The presence of unpleasant odors is now considered, in all respects, as one of the representations of air pollution. The often unpleasant sensation of odor identified by the human olfactory system is generated by the presence in the atmosphere of a mixture of chemicals generically referred to as “odorous substances,” which can cause nuisance even at very low concentrations, usually much lower than those capable of causing health damage or environmental effects.
It is therefore natural to consider describing the fate of odorous substances in the atmosphere using the same dispersion models typically applied for air quality. However, the sensation of olfactory nuisance occurs during each individual human breath, which happens on very short time scales (a few seconds) compared to those typically considered in air quality applications (where interest is in hourly, daily, or annual average concentrations). Therefore, it is necessary to use models capable of describing concentration patterns over very short, or “instantaneous,” time scales to avoid potential underestimations. To address this issue, the results obtained from dispersion models are reprocessed to reconstruct, based on “average” concentrations and using the so-called peak-to-mean ratio, peak values or, more generally, to reconstruct the probability distribution by estimating at least the variance of the concentrations.

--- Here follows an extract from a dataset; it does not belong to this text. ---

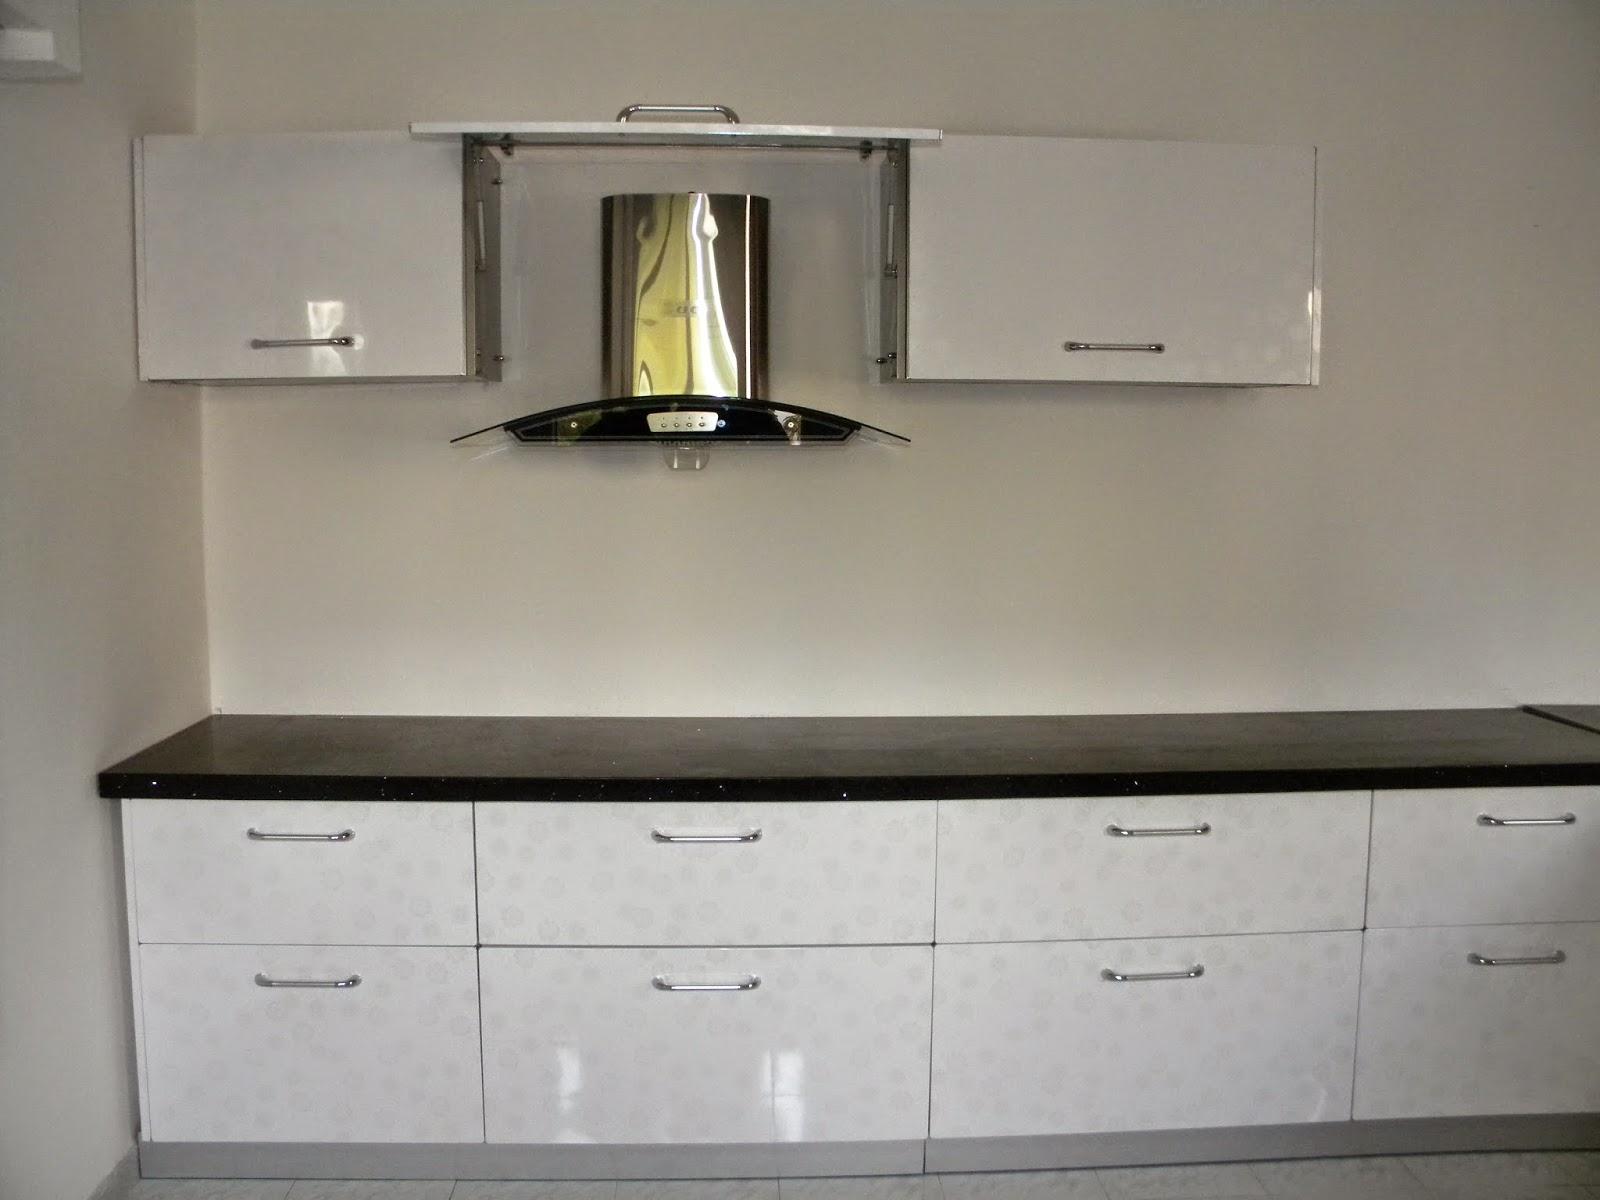 Meuble de cuisine vendre f cfa - Grand meuble de cuisine ...

In modeling applications, it is common practice to collectively quantify effects using the odor unit (olfactometric units, ouE) (UNI EN 13725:2004) and to highlight their presence in the air through odor concentration (ouE/m³), which represents the number of dilutions required for 50% of a trained panel of assessors to no longer perceive the odor of the analyzed air sample. The dispersion of this pseudo-substance is then simulated, assuming it dilutes like a tracer in the atmosphere, emitted from the source at a given initial concentration.
The particle dispersion model SPRAY has specialized algorithms for calculating peak concentrations, which depend on the particle’s flight time, making it particularly well-suited for applications involving odors.